/mate-pair_QC

to quality trim, bin by MP/PE/Unkn, align to ref, estimate insert size.

Primary LanguageShell

mate-pair QC
Version 0.1
2015-04-24

Disclaimer

This pipeline is made available with no waranty of usefulness of any kind. It has been put together for quality control of mate-pair library conformation and insert sizes for use in scaffolding assemblies. This pipeline uses valuable tools developed by other groups (see 'Requires' below)

mate_pair-QC

Quality trim mate pairs, bin by conformation MP/PE/Unkn, align to reference then estimate insert size

overview:

  1. Trim for quality
  2. Separate mate-pairs based on adapter presence and position
  3. Index reference with bwa
  4. Align mate-pairs against reference
  5. Evaluate your mate-pair libraries

Requires the following:
Trimmomatic http://www.usadellab.org/cms/?page=trimmomatic
NxTrim https://github.com/sequencing/NxTrim
bwa http://bio-bwa.sourceforge.net
samtools http://samtools.sourceforge.net
picard tools http://broadinstitute.github.io/picard/

General comments

Raw *fastq.gz mate-pair data in 02_raw_data; run all jobs from the main directory. Job files are specific to Katak at IBIS, but with some minor editing can be adapted for other servers.

Trim for quality

Generates a 'paired' and 'single' fastq file for each mate-pair library
requires Trimmomatic

Edit 01_scripts/01_trimming.sh by giving the path to trimmomatic
Run locally:

01_scripts/01_trimming.sh

Run on Katak:

qsub 01_scripts/jobs/01_trimming_job.sh

Separate mate-pairs based on adapter presence and position

Bin quality trimmed paired mate-pairs for presence of adapter
requires NxTrim

Mate pairs can be in mate-pair conformation, paired-end conformation (i.e. shadow library) or unknown.
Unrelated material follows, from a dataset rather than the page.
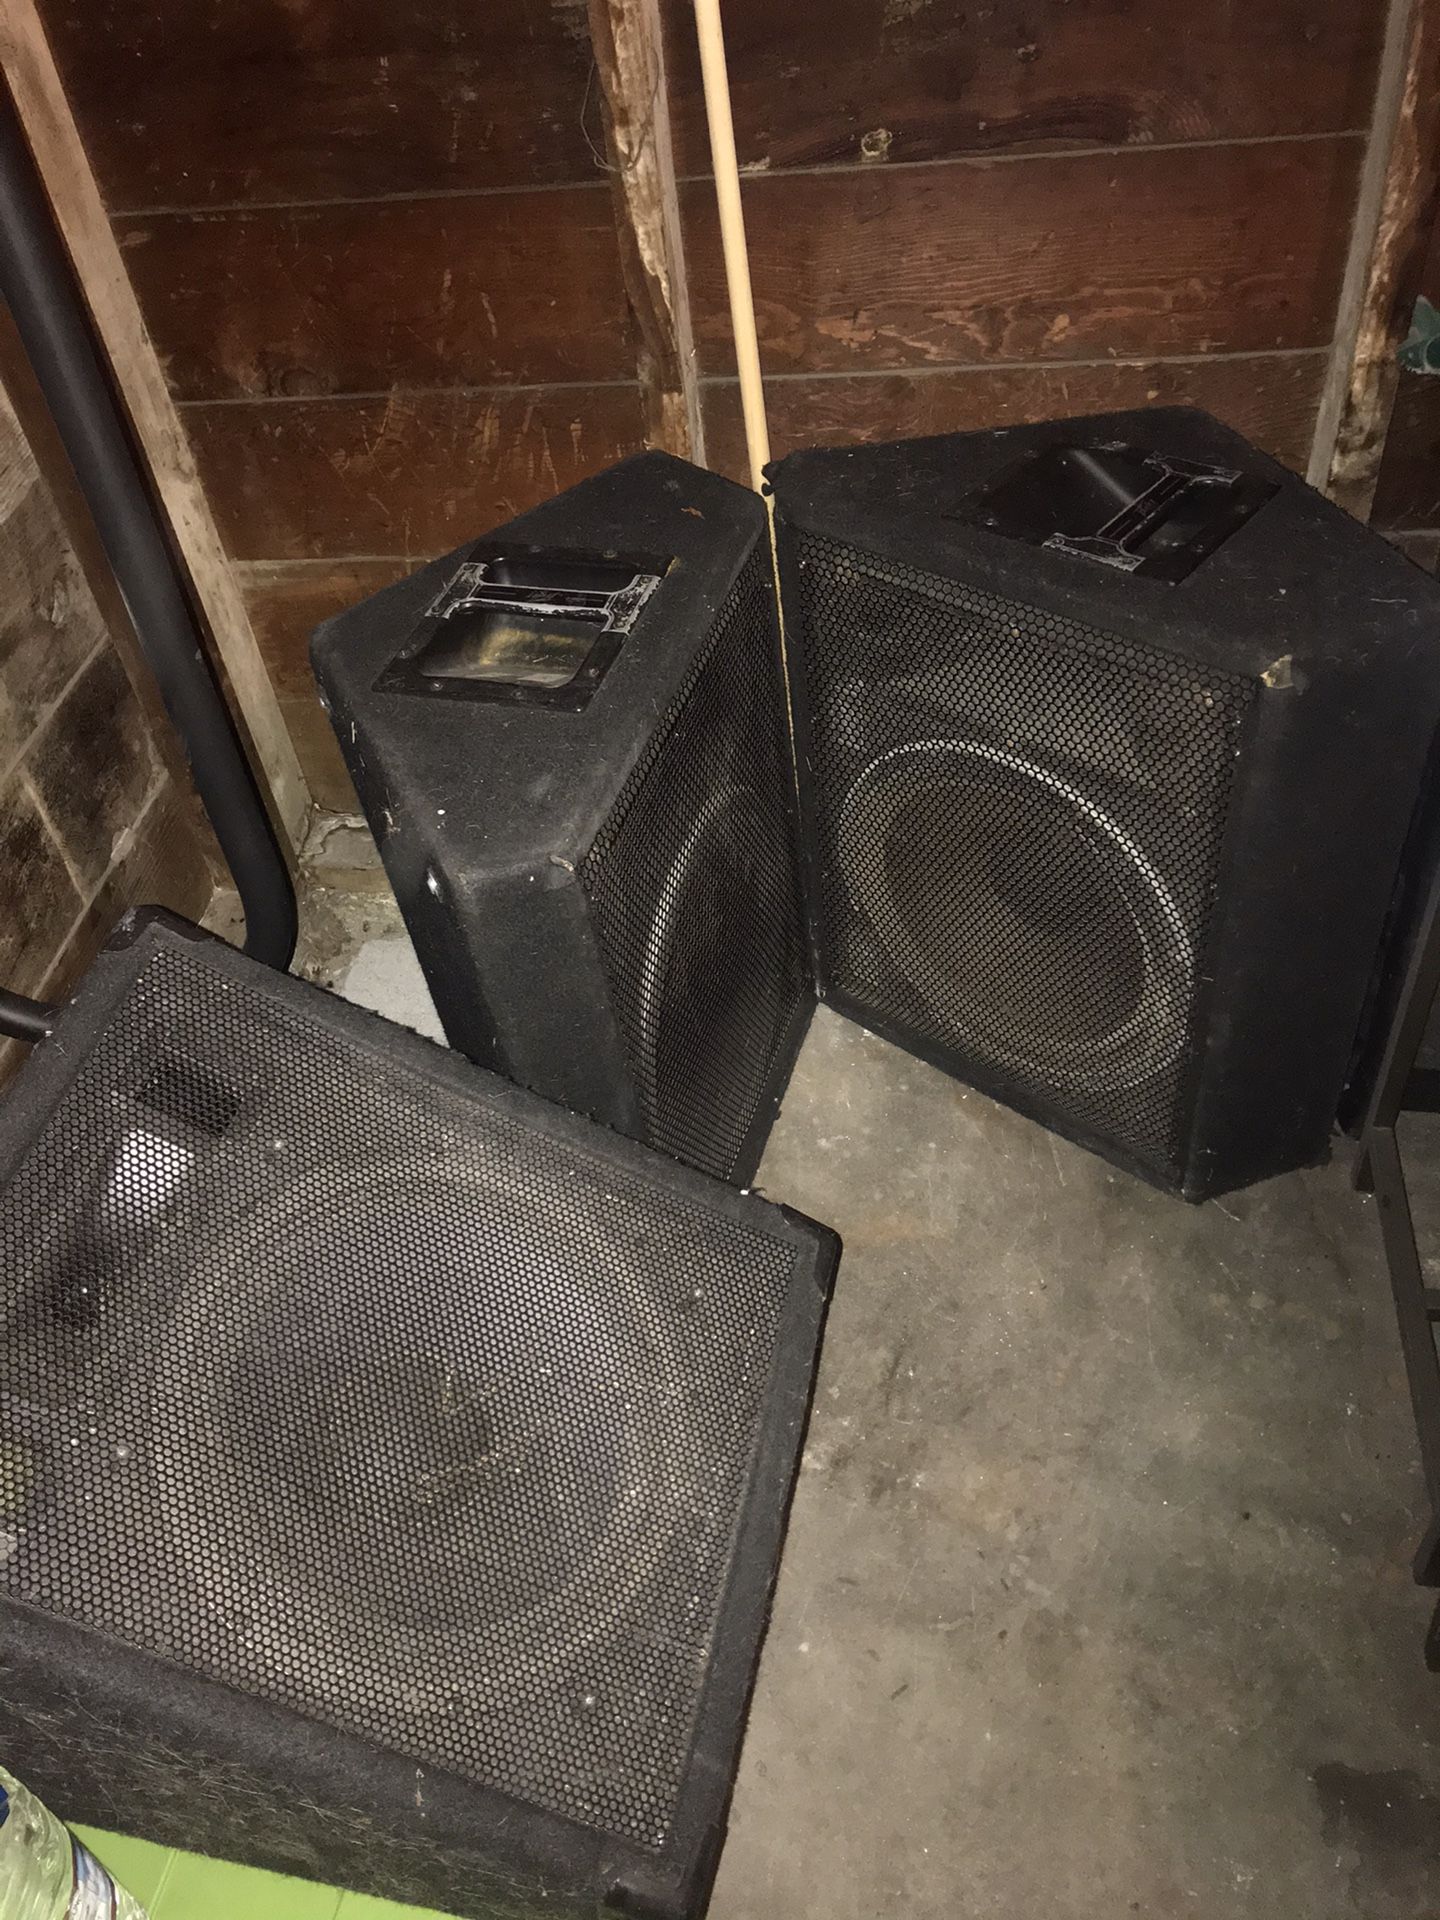 Peavey PA floor monitors and Behringer power amp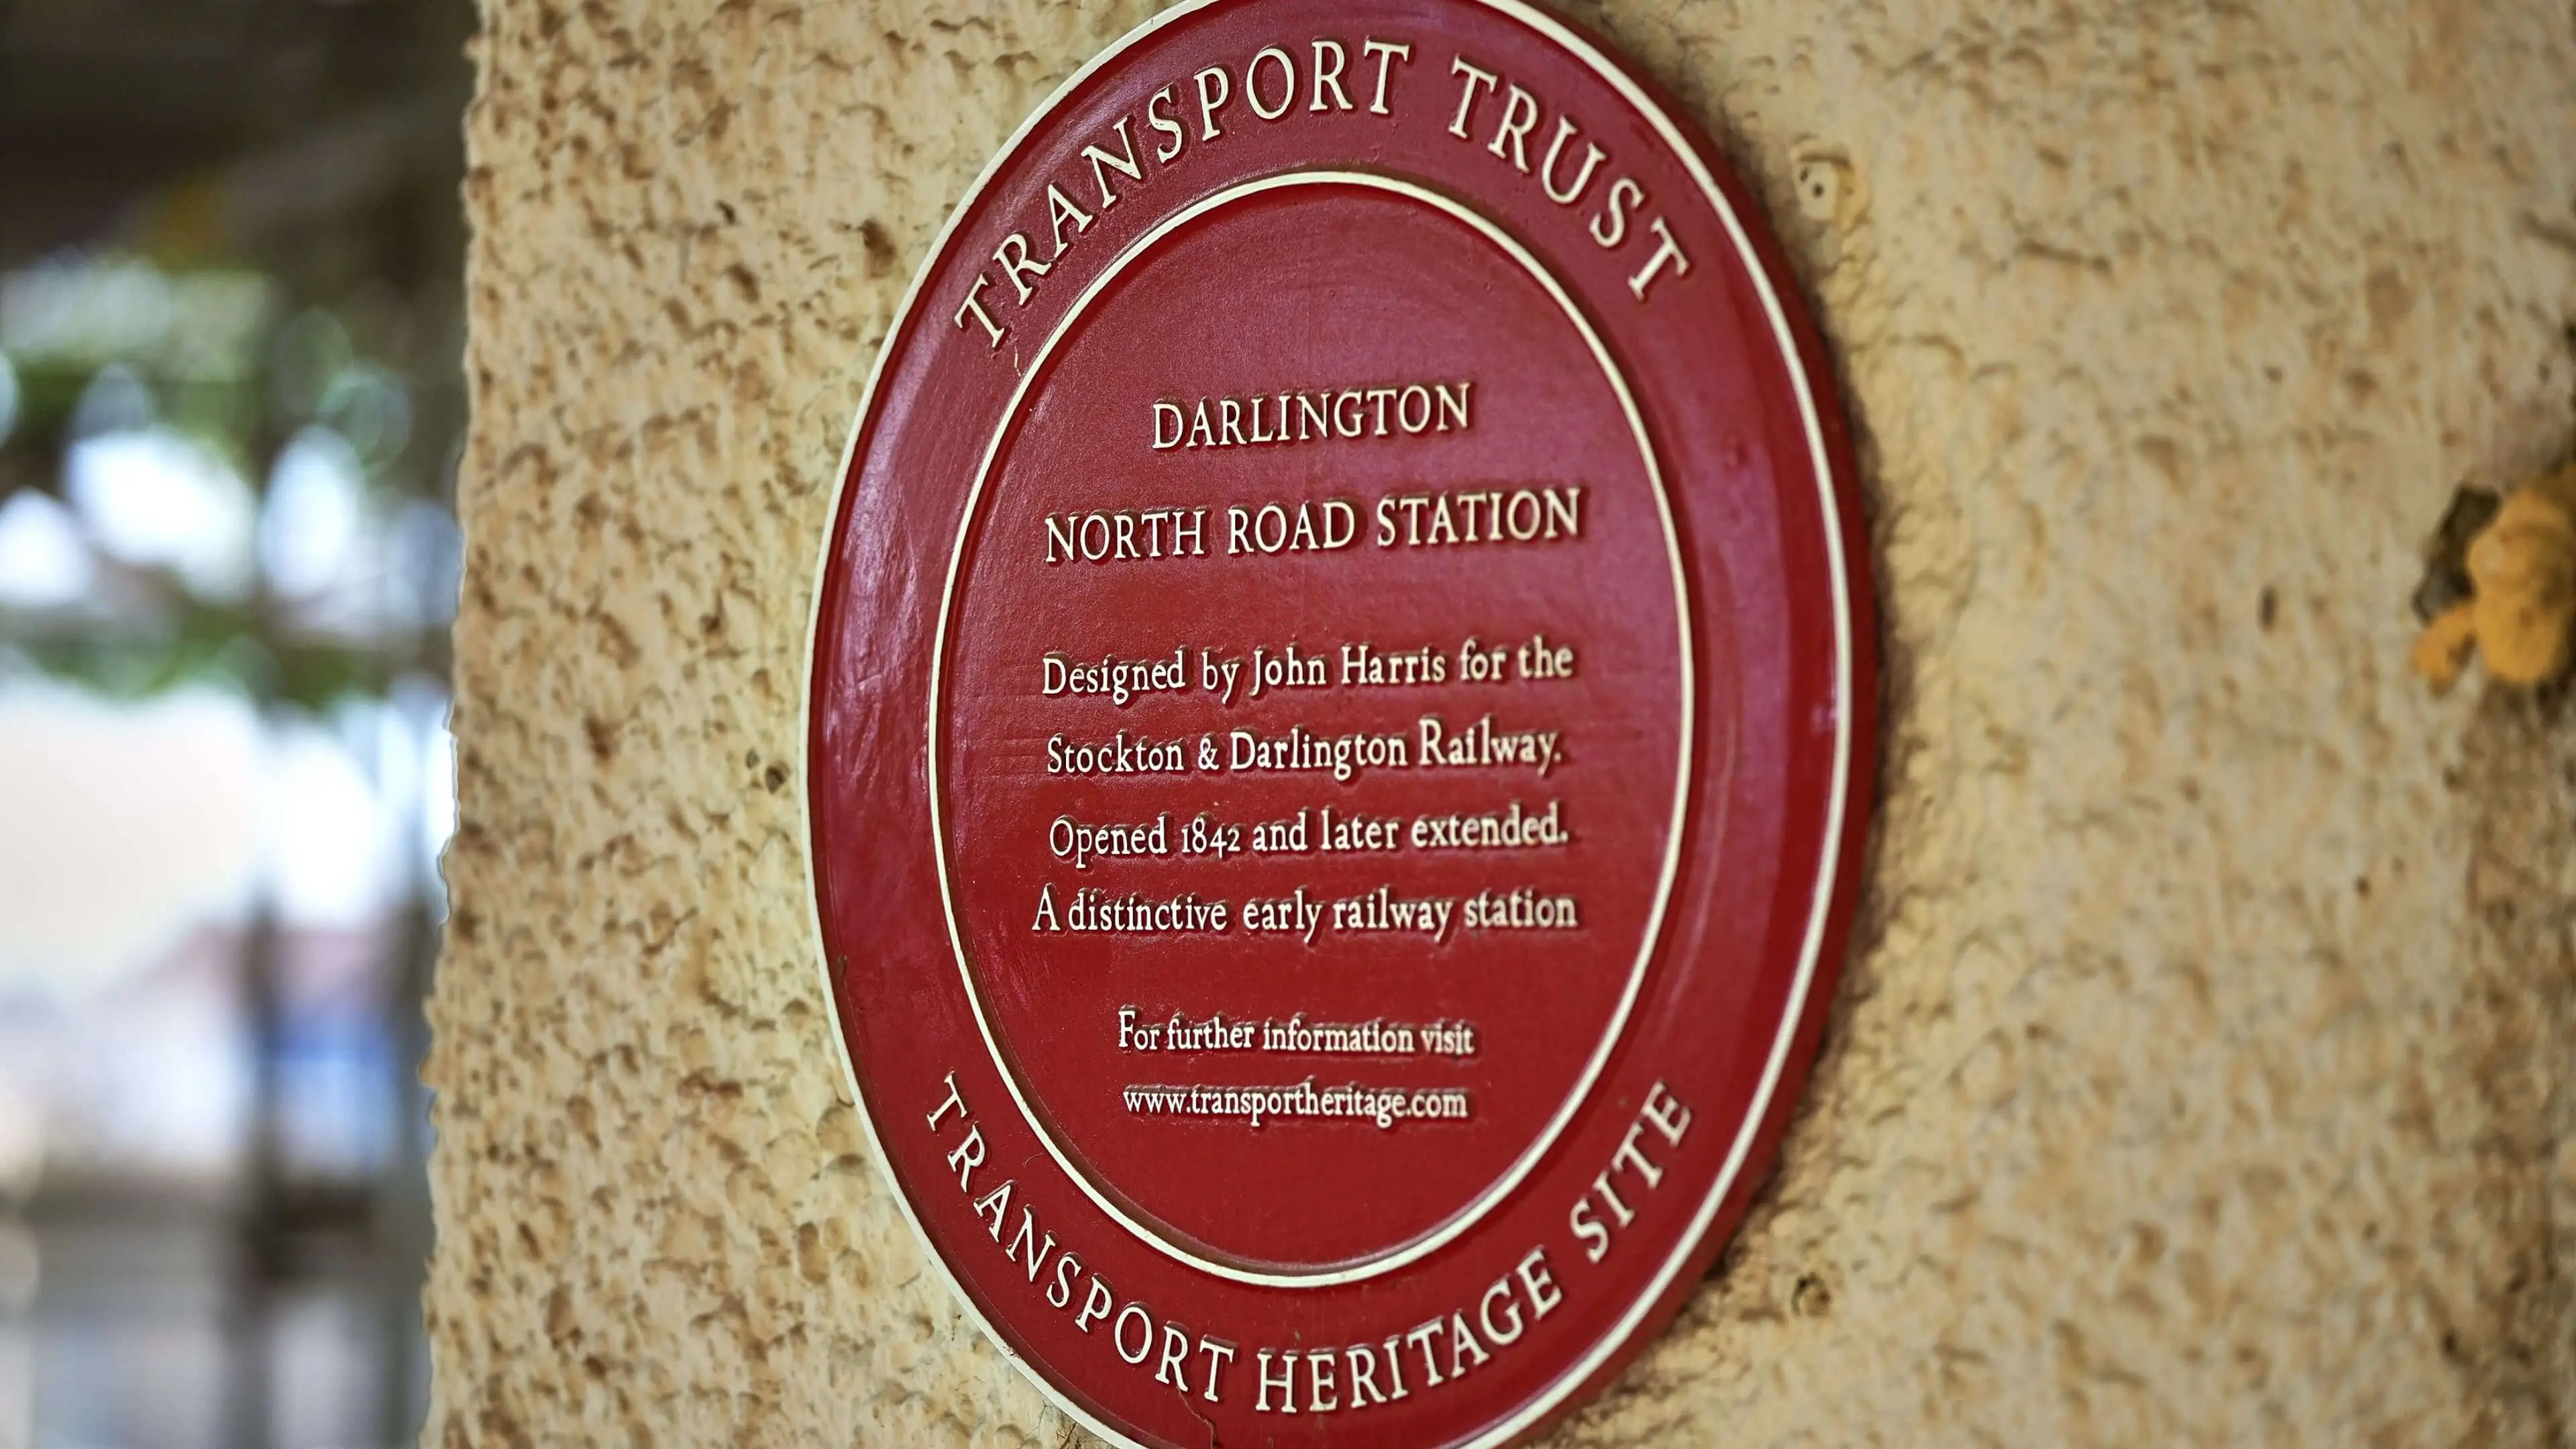 A round, red wall plaque commemorating the Stockton & Darlington Railway and North Road Station Museum

NxTrim sorts each mate pair into these options based on presence of connecting adapter in forward or reverse read.

Edit 01_scripts/02_NxTrim_binning.sh by giving path to nxtrim

Locally:

01_scripts/02_NxTrim_binning.sh

On Katak:

qsub 01_scripts/jobs/02_NxTrim_binning_job.sh

Normally mate-pairs are in RF directionality, but NxTrim will revcomp and output as FR (ready for alignment)
The output of this will give *.mp.fastq.gz in 04_binned_mps

index reference with bwa

Note: only need to do this once
requires bwa

Locally: ensure reference is in fasta format (not compressed), and change REFERENCE to the path to your reference you want to align against

bwa index REFERENCE

On Katak:

qsub 01_scripts/jobs/03a_indexRef_job.sh

align mate-pairs against reference

requires bwa and samtools

Edit 01_scripts/03b_BWAaln.sh by giving path and names to each sample and RG indexes (e.g. replace short identifier (bolded for clarity)) for each RG at RG[1]='@RG\tID:lib208\tSM:lib208\tPL:Illumina'

Locally:

01_scripts/03b_BWAaln.sh

On Katak:

qsub 01_scripts/jobs/03b_BWAaln_job.sh

evaluate your mate-pair libraries

estimate number of mapped reads using:

samtools flagstat <your.bam>

estimate insert size

requires picard tools locally:

./01_scripts/04_estInsertSizes.sh

On Katak:

qsub 01_scripts/jobs/04_estInsertSizes_job.sh

Enjoy! Hopefully your insert sizes are as you expect.